Nothing compares to the taste of a tomato just picked from the vine. Gardening is a fun and satisfying physical activity that gives you access to fresh, affordable produce. Here are a few easy steps to get started with gardening and growing your own nutritious food.
1. Know what grows. When buying plants, ask which varieties will do best in the conditions you have work with. Some plants need lots of sun while others tolerate shade. In general, tomatoes, cucumbers, peppers, peas, beans, corn and squash require six to eight hours of direct sunlight each day. Carrots, radishes, beets and other root vegetables benefit from at least three to four hours of direct sunlight. Leafy greens and lettuce can tolerate shade.

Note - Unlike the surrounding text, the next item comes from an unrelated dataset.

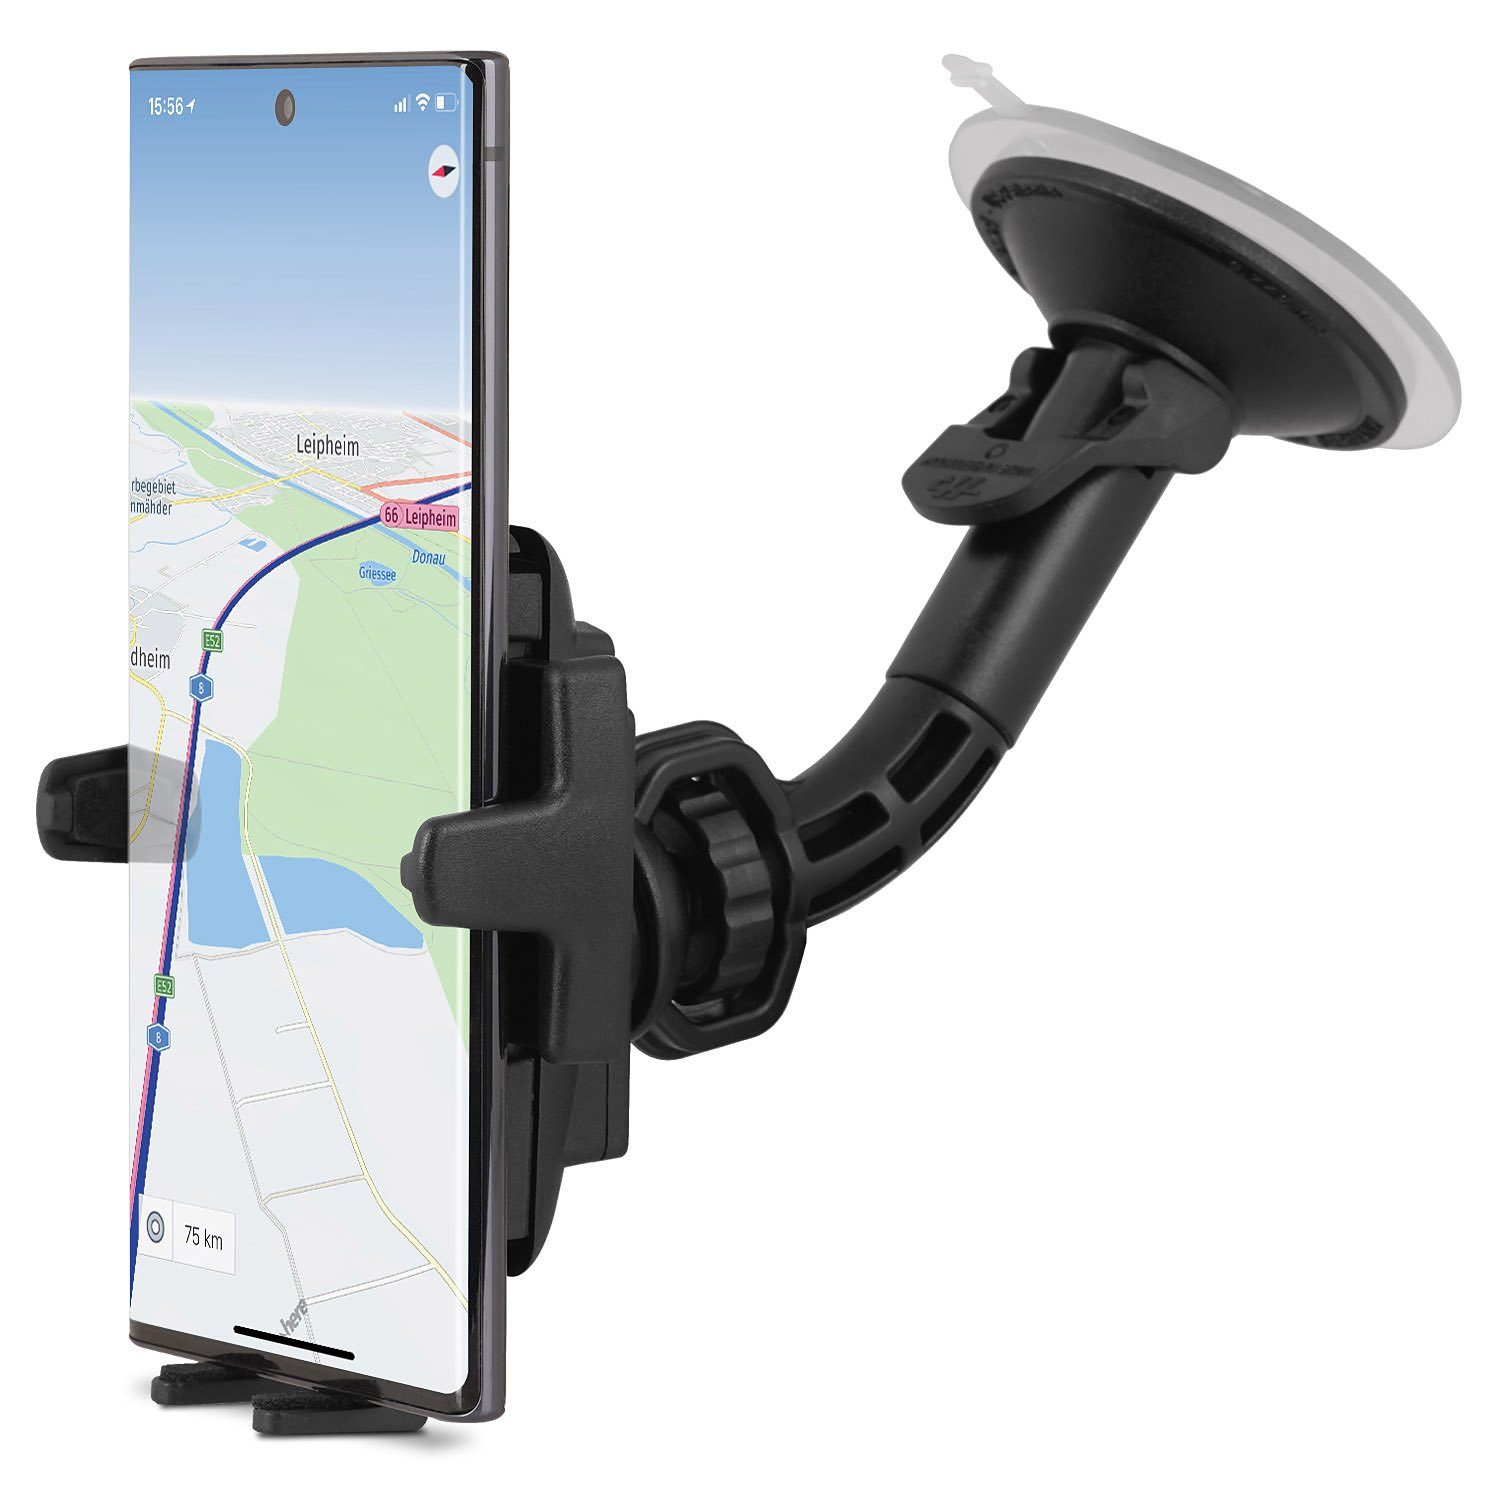 KFZ Auto Handy Halterung Halter für Samsung Galaxy S20 S10 S10 S10e S9 S8  plus online kaufen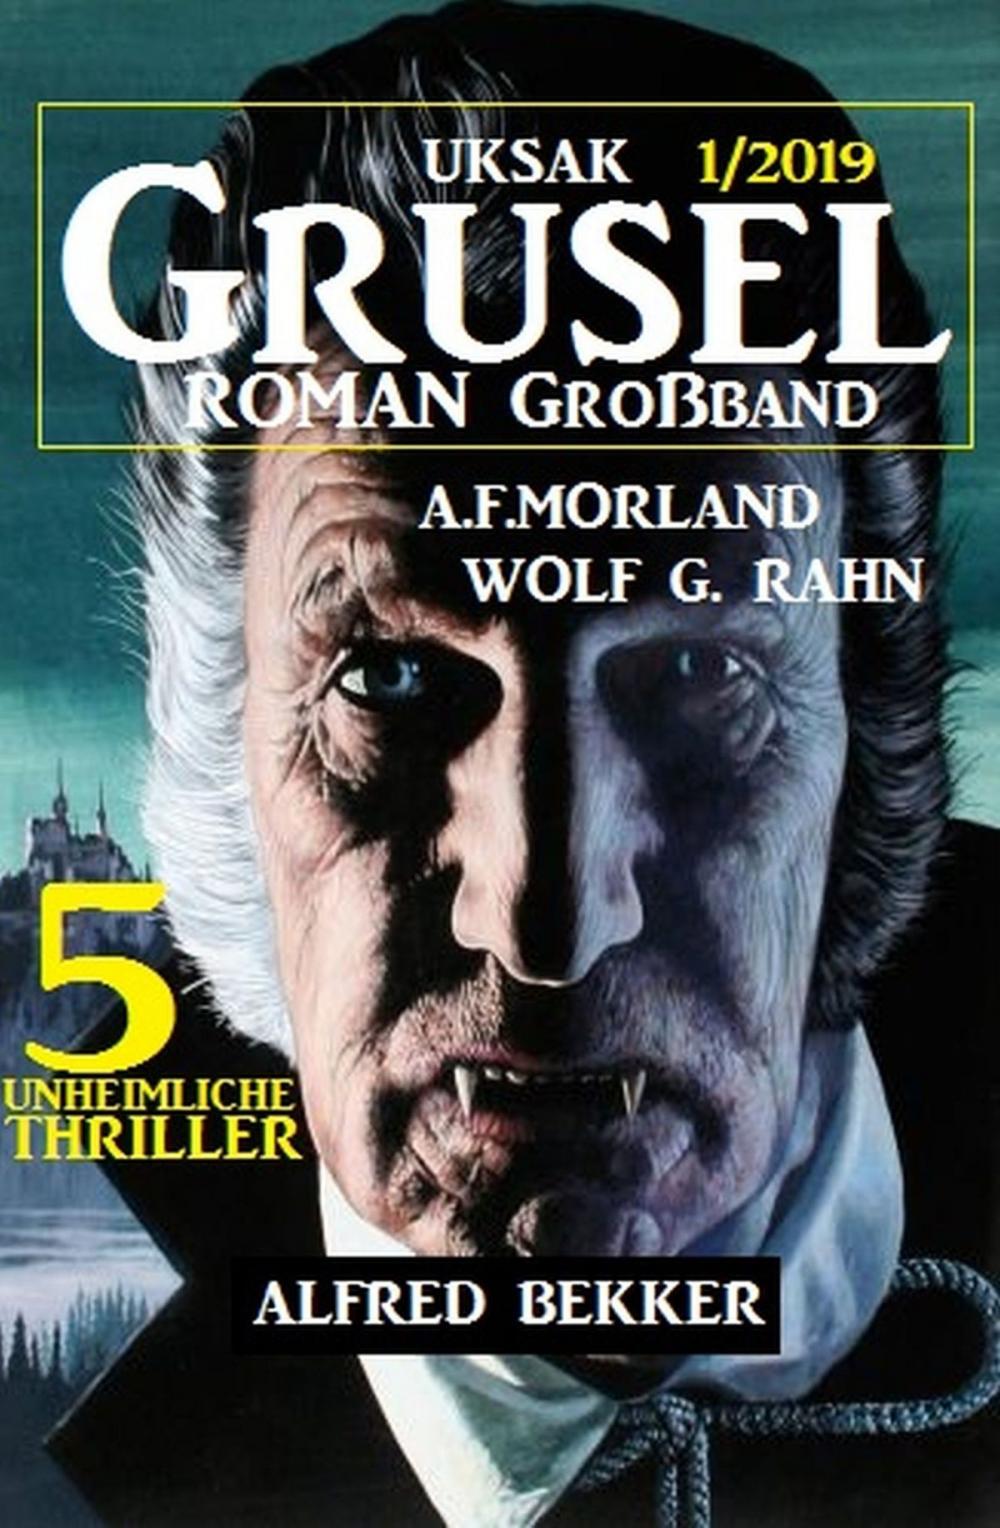 Big bigCover of Uksak Grusel-Roman Großband 1/2019 - 5 unheimliche Thriller

2. Be sure that you have the right soil conditions. The soil should be well draining and loose rather than clay soil or too sandy. Remove rocks and use a tiller to loosen the soil to a depth of at least 8 inches. In addition, vegetables need organic material, such as compost or manure, to provide nutrients the plants need to thrive. Plants also need nitrogen, phosphorus and potassium, which you can get in a fertilizer. If you don’t have good soil, consider building a raised bed.
3. Consider container gardening. If you have limited space or poor soil conditions, you can grow vegetables in barrels or buckets. Finding a container with adequate drainage is key. If the container doesn’t have holes in it, make a few half-inch holes near the bottom to allow water to run out in order to keep the plant roots from rotting.
4. Go herbal. Herbs are one of the easiest plants to grow and are a good place to start. Choose a few varieties, such as parsley, basil and rosemary. Don’t worry if you end up with too much by the end of the summer. Basil can be used to make pesto, and all herbs can be dried.
5. Start small. You don’t have to grow an extravagant garden right away. Start with a few vegetables that are easy to grow, such as cherry tomatoes, green beans or sugar snap peas. You can either use seed packets or starter plants from your greenhouse.
6. Protect your plants. You may have to put up a chicken wire fence to keep out the rabbits and deer. They love to eat vegetables!
7. Care for your garden. Water your garden regularly. Vegetable gardens need about 1 inch of water per week during cooler weather and two to three inches during peak growing stages. In addition, weed regularly because weeds harbor insects and disease and can crowd out your vegetables. Get rid of rotting or dead vegetation because they can also be a haven for pests.
8. Harvest your garden. Pick vegetables as soon as they are ripe and enjoy your delicious produce.
9. Enjoy gardening year-round. Gardening doesn’t have to end after the harvest. You can have fun looking at seed catalogs during cold winter months and start planning what to plant in the spring. You can even buy an indoor grow light to start growing tomato, bean and squash plants early in the spring.
10. Involve your kids. Research shows that kids who live in a home with a garden eat significantly more vegetables than those without access to a home garden. Gardening helps kids to engage their curiosity, learn to be resourceful and gain self-confidence. It is a great family activity that promotes physical activity.
Growing a garden is a wonderful way to eat local foods, save money, and promote a healthy diet. No matter what you plant, gardening is a fun way to get outside and enjoy the fresh air!